With Serilog, this is possible in most sinks using a variant of:

Quota < 125

Constructing this kind of query from a regular expression is possible, but it gets tiring fast and usually ends up being a measure of last resort.

Now add to this an event type:

Quota < 125 and EventType = 0x1234abcd

You start to see here how these capabilities combine in a straightforward way to make production debugging with logs feel like a first-class development activity.

One further benefit, perhaps not as easy to prevent up front, but once production debugging has been lifted out of the land of regex hackery, developers start to value logs a lot more and exercise more care and consideration when writing them. Better logs -> better quality applications -> more happiness all around.

When you are collecting logs for processing, be it for parsing into some database and/or searching through the processed logs later, using structured logging makes some of the processing easier/more efficient. The parser can take advantage of the known structure (e.g. JSON, XML, ASN.1, whatever) and use state machines for parsing, as opposed to regular expressions (which can be computationally expensive (relatively) to compile and execute). Parsing of free-form text, such as that suggested by your coworker, tends to rely on regular expressions, and to rely on that text not changing. This can make parsing free-form text rather fragile (i.e. parsing is tightly coupled to the exact text in the code).

Consider also the search/lookup case, e.g.:

SELECT text FROM logs WHERE text LIKE "Disk quota";

LIKE conditions require comparisons with every text row value; again, this is relatively computationally expensive, particularly so when wildcards are used:

SELECT text FROM logs WHERE text LIKE "Disk %";

With structured logging, your disk-error related log message might look like this in JSON:

{ "level": "DEBUG", "user": "username", "error_type": "disk", "text": "Disk quota ... exceeded by user ..." }

The fields of this kind of structure can map pretty easily to e.g. SQL table column names, which turn means the lookup can be more specific/granular:

SELECT user, text FROM logs WHERE error_type = "disk";

You can place indexes on the columns whose values you expect to search/lookup frequently, as long as you don’t use LIKE clauses for those column values. The more you can break down your log message into specific categories, the more targeted you can make your lookup. For example, in addition to the error_type field/column in the example above, you could make even be "error_category": "disk", "error_type": "quota" or somesuch.

The more structure you have in your log messages, the more your parsing/searching systems (such as fluentd, elasticsearch, kibana) can take advantage of that structure, and perform their tasks with greater speed and less CPU/memory.

Hope this helps!

You won’t find much benefit from structured logging when your app creates a few hundred log messages per day. You definitely will when you have a few hundred log messages per second coming from many different deployed apps.

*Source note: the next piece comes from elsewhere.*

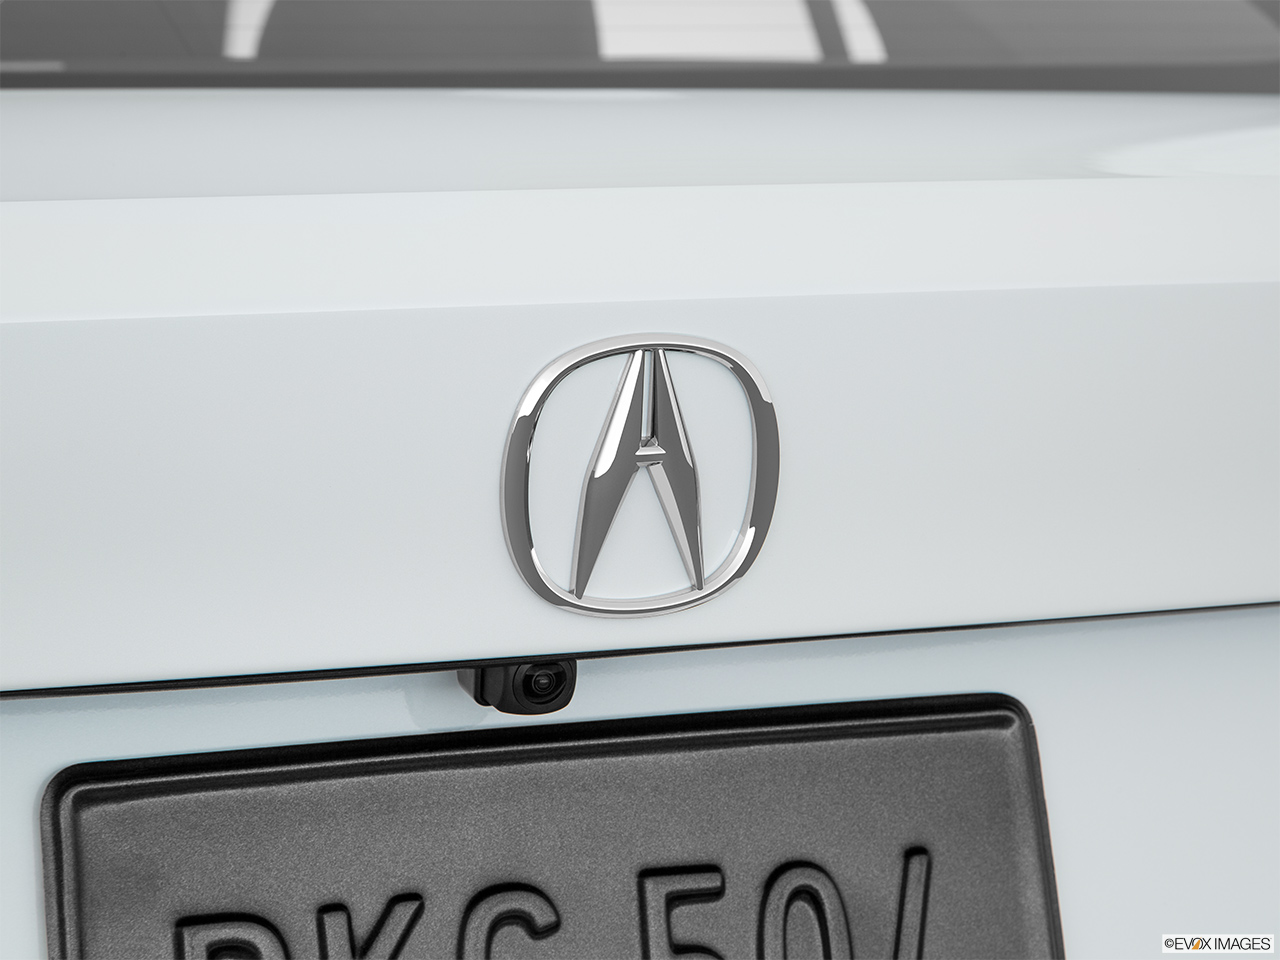 2017 Acura TLX 3.5L Rear manufacture badge/emblem

Related, the setup where log messages end up in the ELK Stack is also appropriate for scale where logging to SQL becomes a bottleneck.

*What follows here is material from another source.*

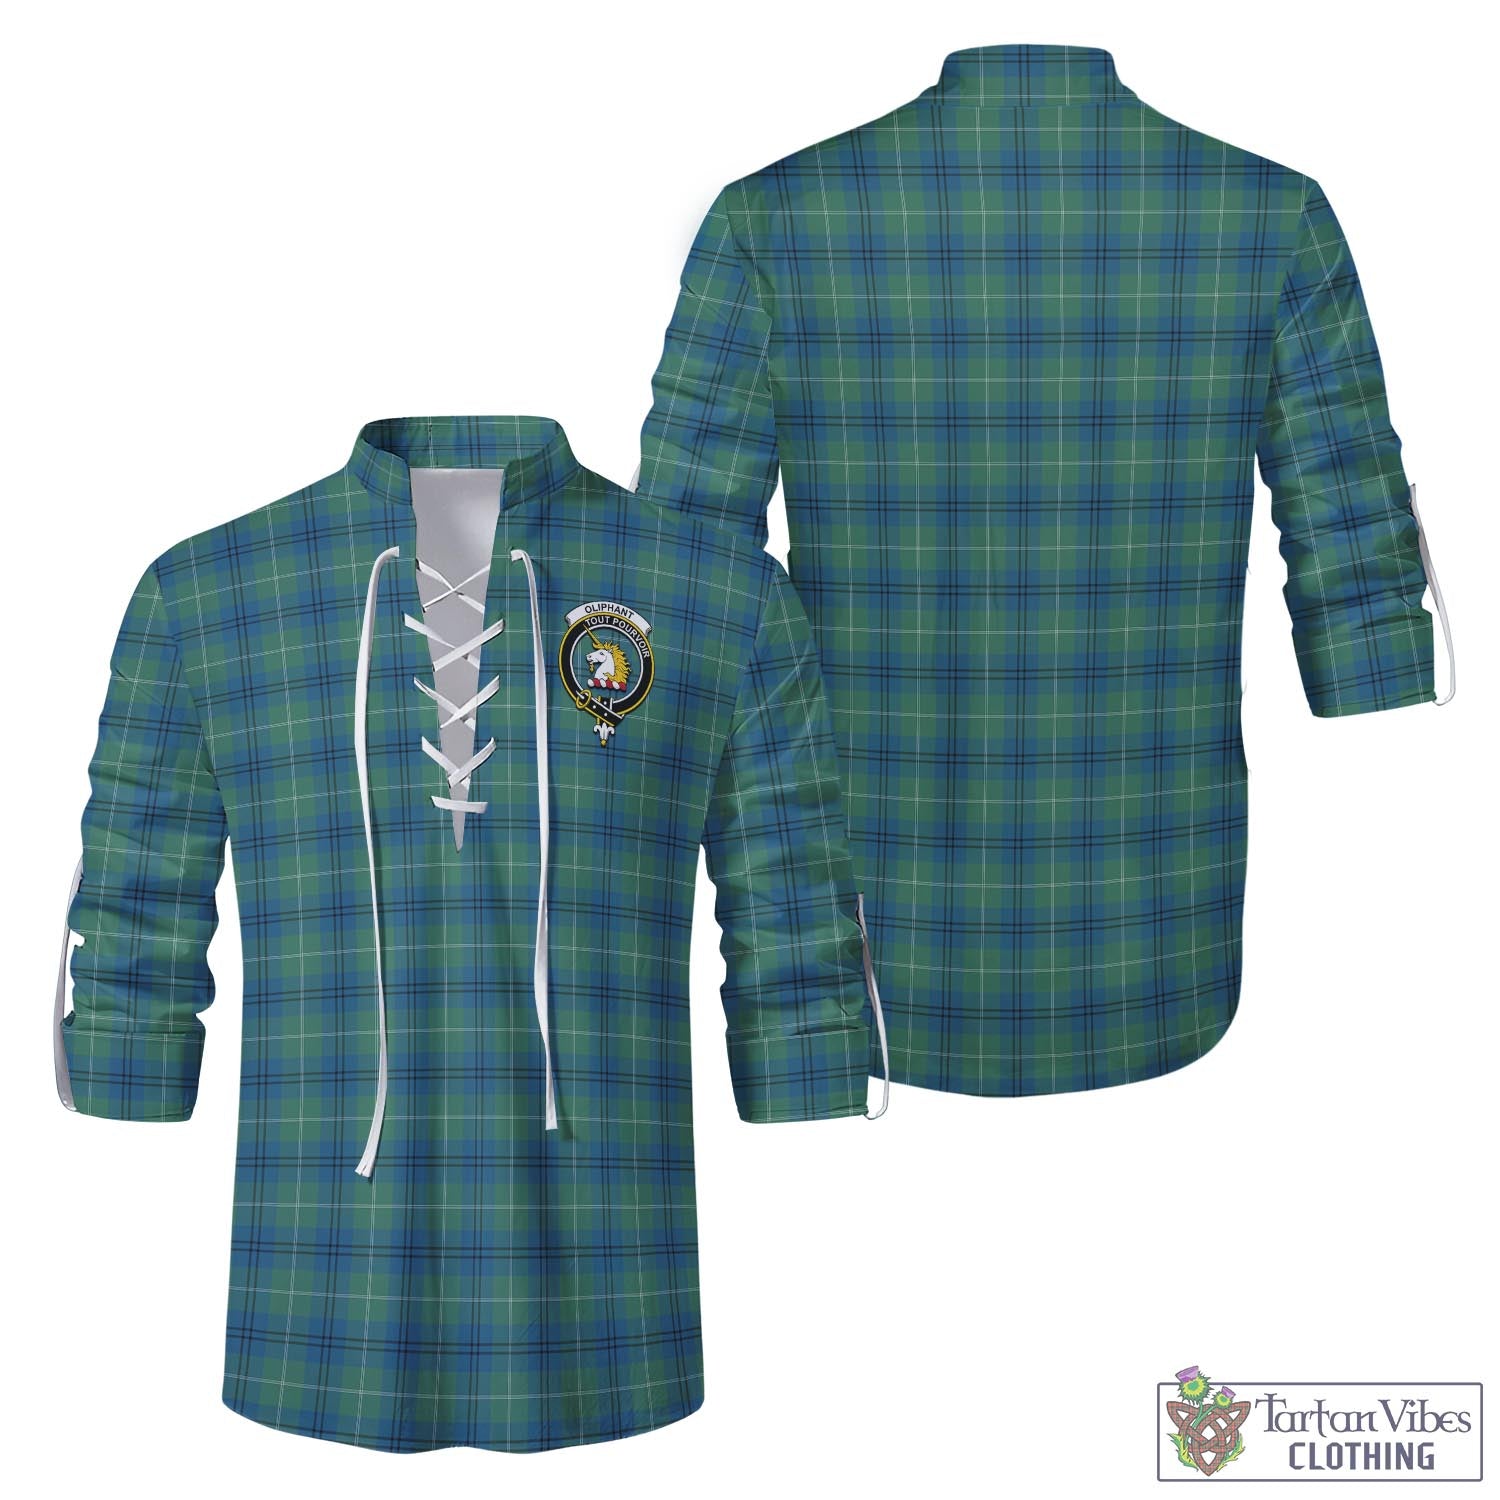 Tartan Vibes Clothing Oliphant Ancient Tartan Men's Scottish Traditional Jacobite Ghillie Kilt Shirt with Family Crest

I have seen the setup of “basic logging and searching” with SQL select .. like and regexps pushed to its limits where it falls apart – there are false positives, omissions, horrible filter code with knwon bugs that’s hard to maintain and no-one wants to touch, new log messages that don’t follow the filter’s assumptions, reluctance to touch logging statements in code lest they break reports, etc.

So several software packages are emerging to deal with this problem in a better way. There is Serilog, I hear that the NLog team is looking at it, and we wrote StructuredLogging.Json for Nlog, I also see that the new ASP.Net core logging abstractions “make it possible for logging providers to implement … structured logging”.

An example with StructuredLogging. You log to an NLog logger like this:

logger.ExtendedError("Order send failed", new { OrderId = 1234, RestaurantId = 4567 } );

This structured data goes to kibana. The value 1234 is stored in the OrderId field of the log entry. You can then search using kibana query syntax for e.g. all log entries where @LogType:nlog AND Level:Error AND OrderId:1234.

Message and OrderId are now just fields that can be searched for exact or inexact matches as you need, or aggregated for counts. This is powerful and flexible.

From the StructuredLogging best practices:

The message logged should be the same every time. It should be a
constant string, not a string formatted to contain data values such as
ids or quantities. Then it is easy to search for.

The message logged
should be distinct i.e. not the same as the message produced by an
unrelated log statement. Then searching for it does not match
unrelated things as well.

Related Solutions

Extract file from docker image?

You can extract files from an image with the following commands: docker create $image # returns container ID docker cp $container_id:$source_path $destination_path docker rm $container_id According to the docker create documentation, this doesn't run the...

Transfer files using scp: permission denied

Your commands are trying to put the new Document to the root (/) of your machine. What you want to do is to transfer them to your home directory (since you have no permissions to write to /). If path to your home is something like /home/erez try the following:...

What’s the purpose of DH Parameters?

What exactly is the purpose of these DH Parameters? These parameters define how OpenSSL performs the Diffie-Hellman (DH) key-exchange. As you stated correctly they include a field prime p and a generator g. The purpose of the availability to customize these...

How to rsync multiple source folders

You can pass multiple source arguments. rsync -a /etc/fstab /home/user/download bkp This creates bkp/fstab and bkp/download, like the separate commands you gave. It may be desirable to preserve the source structure instead. To do this, use / as the source and...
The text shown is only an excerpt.